**Exercise**
Your answer must be the line containing "Poradnik operatora Koparka" and each following line to the end of the listing below, copied exactly, with pictures removed and nothing added.

**Dataset content**
○ ○ ○ ○

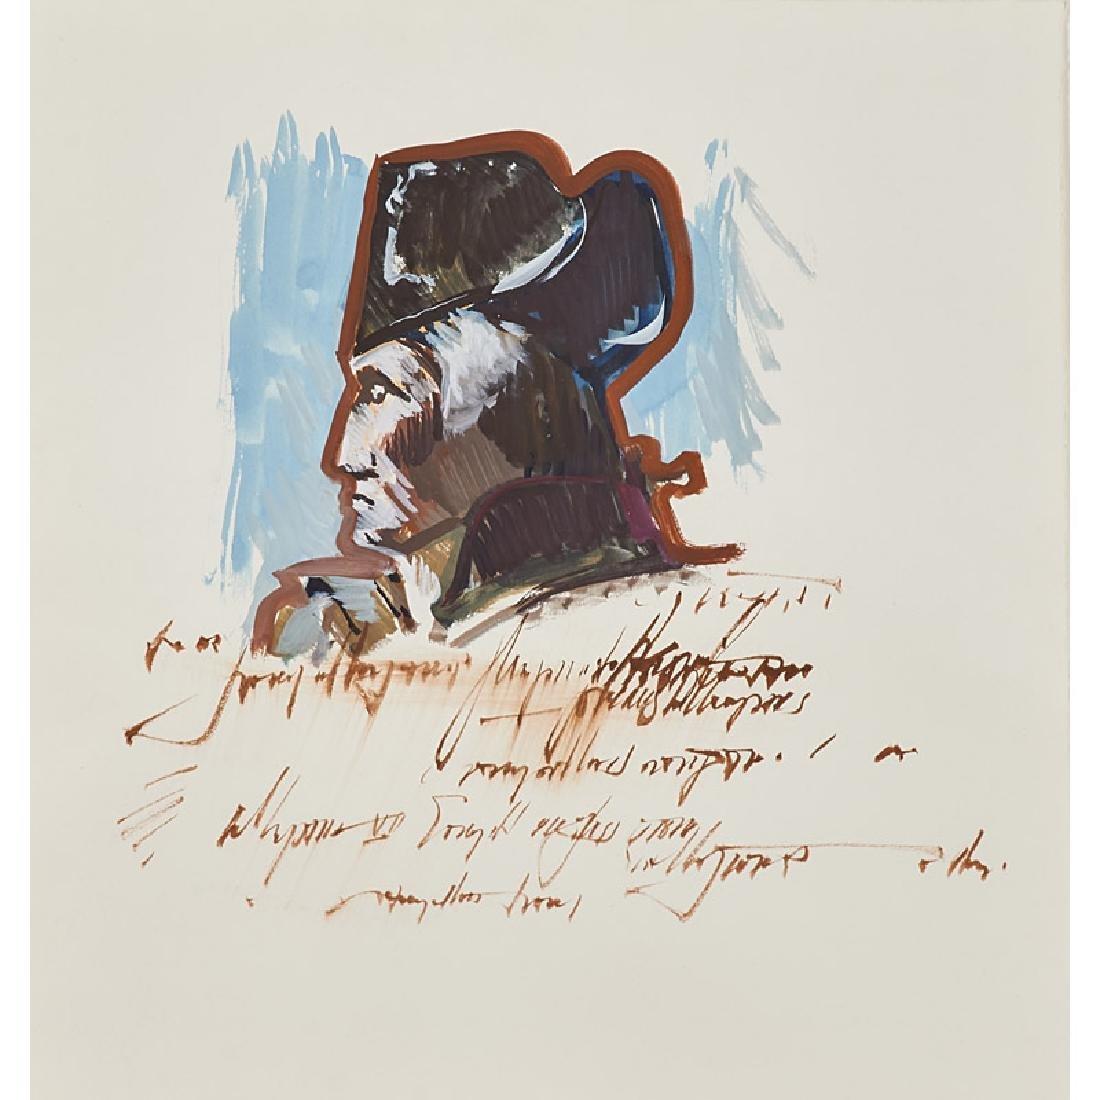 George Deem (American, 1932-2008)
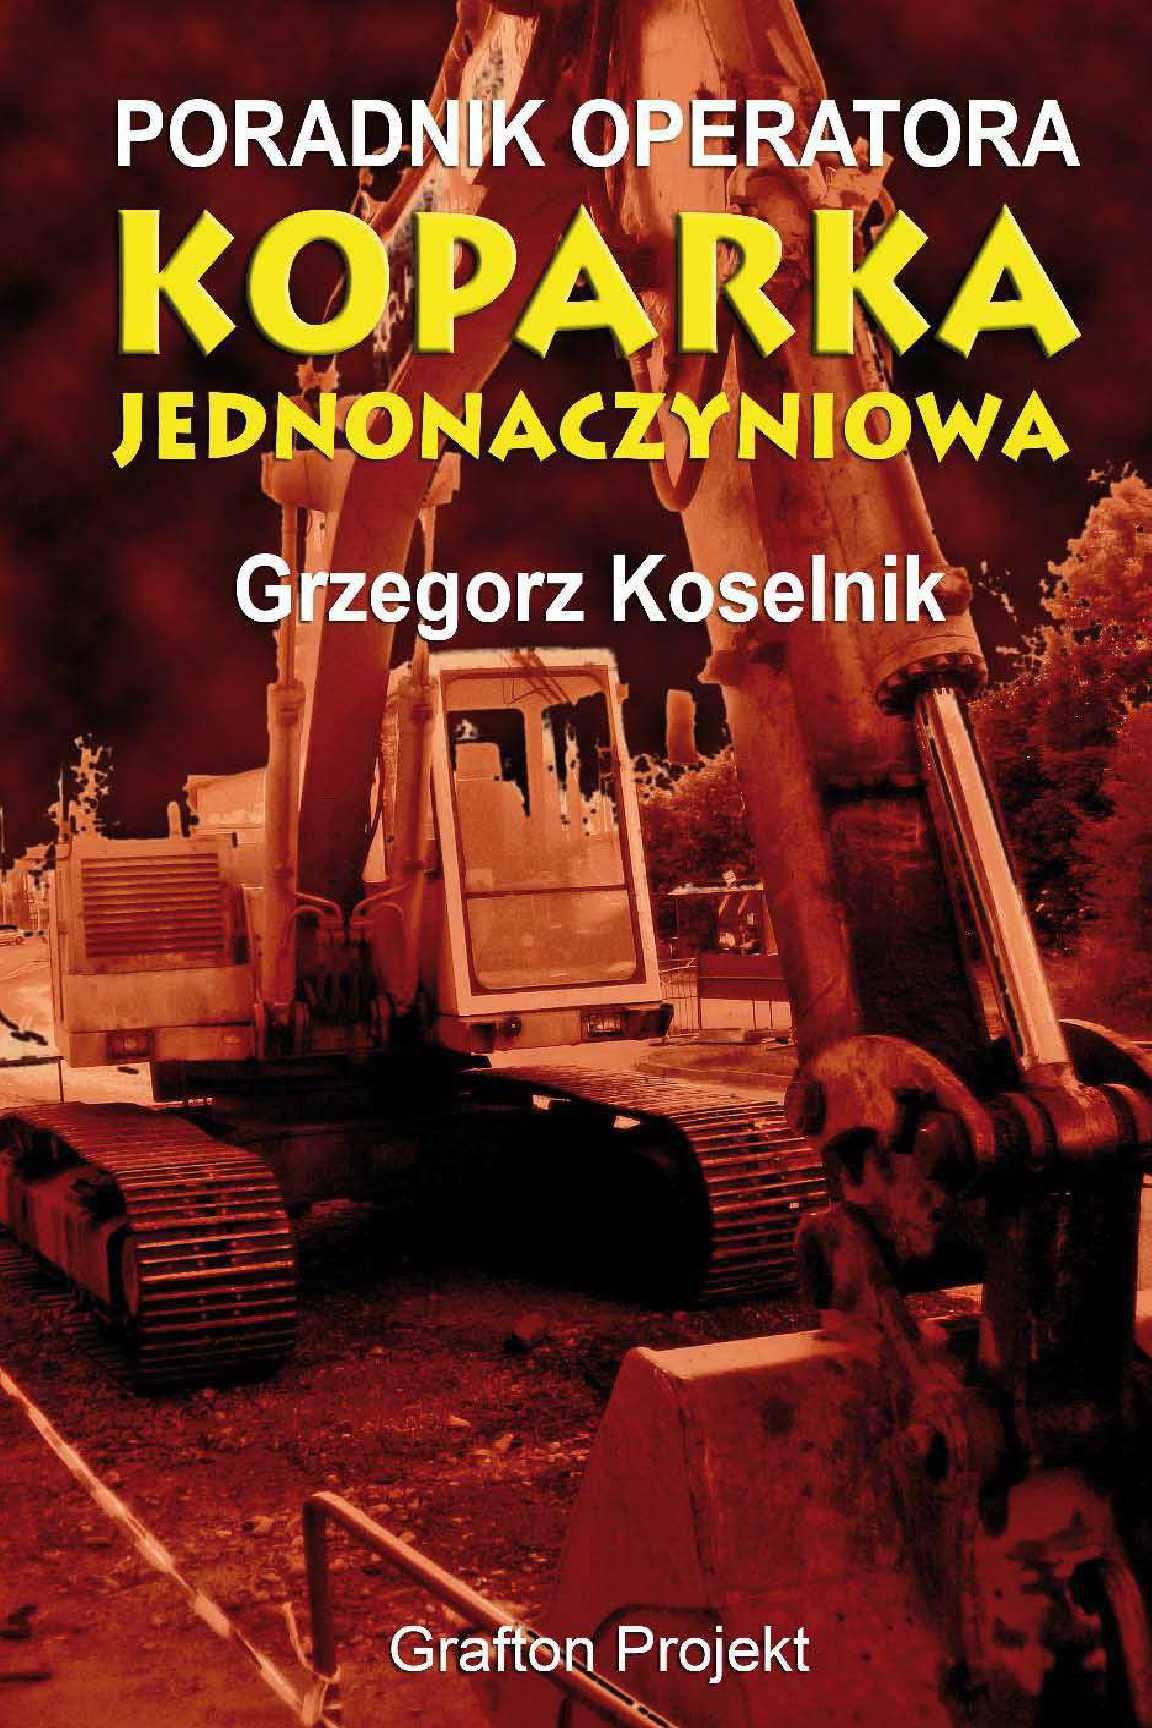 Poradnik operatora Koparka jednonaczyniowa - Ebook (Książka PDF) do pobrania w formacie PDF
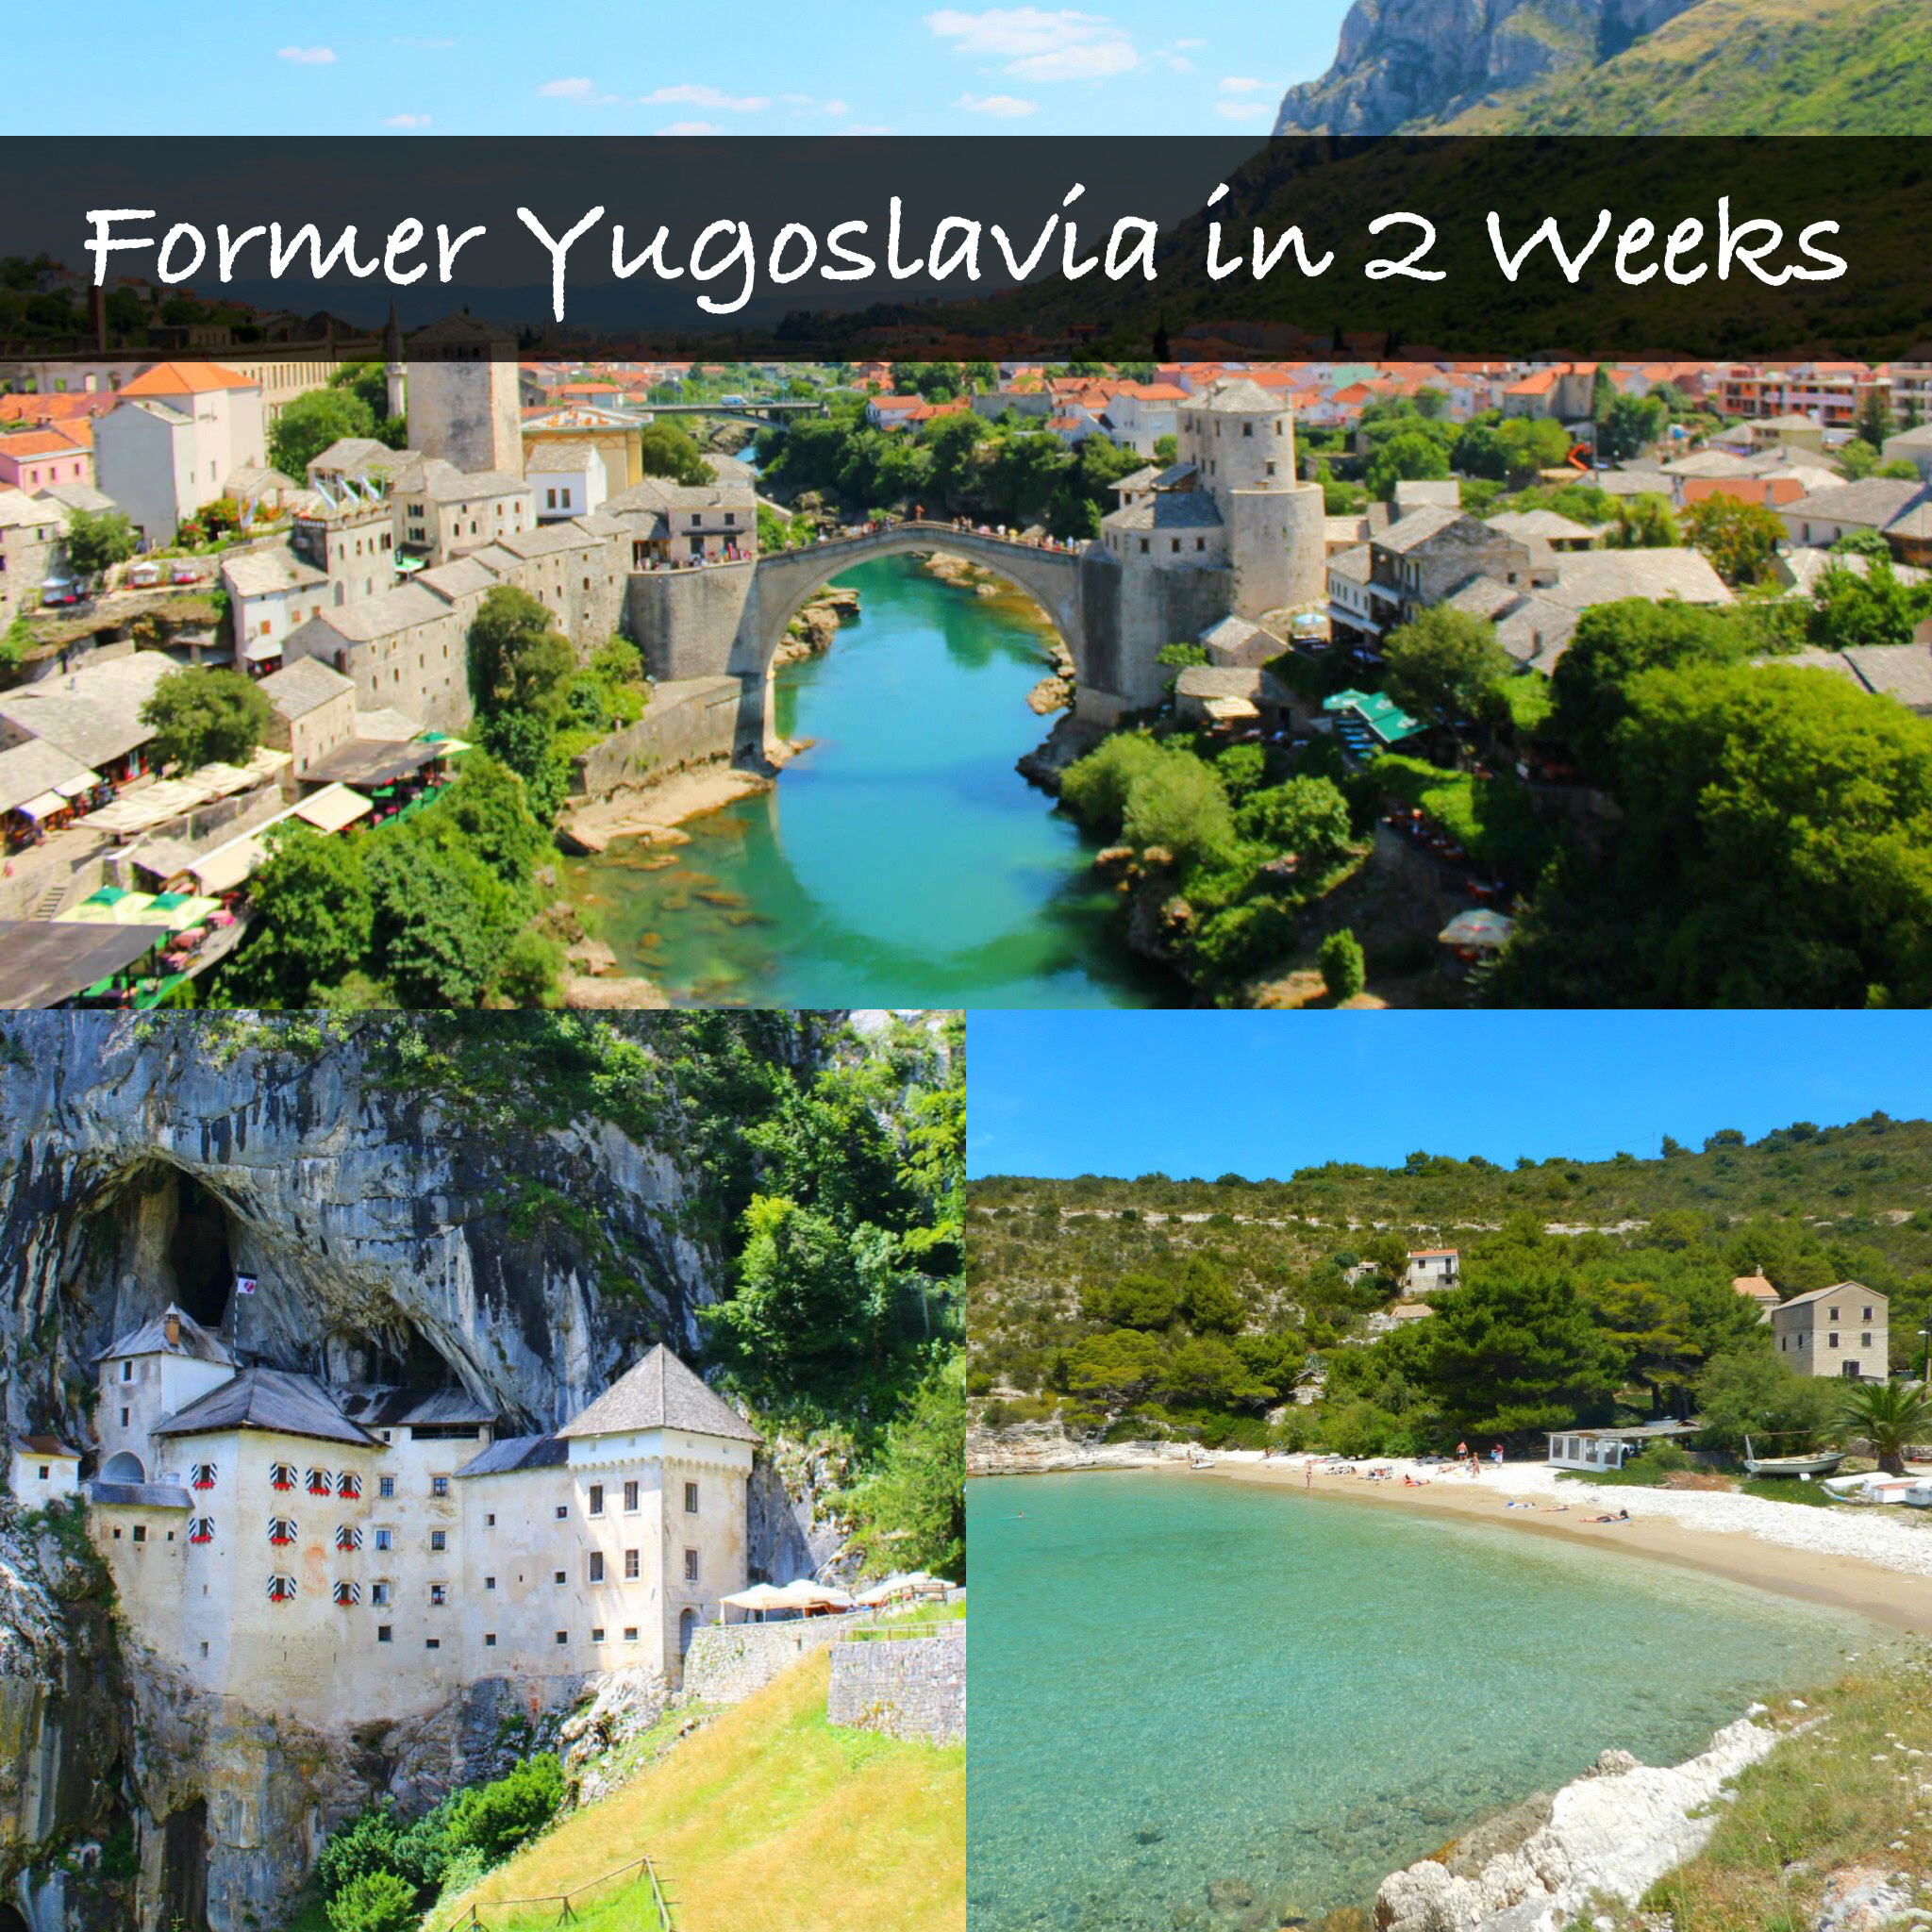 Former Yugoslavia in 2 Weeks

○ ○ ○ ○

**Solution for this problem**
 Poradnik operatora Koparka jednonaczyniowa - Ebook (Książka PDF) do pobrania w formacie PDF
 Former Yugoslavia in 2 Weeks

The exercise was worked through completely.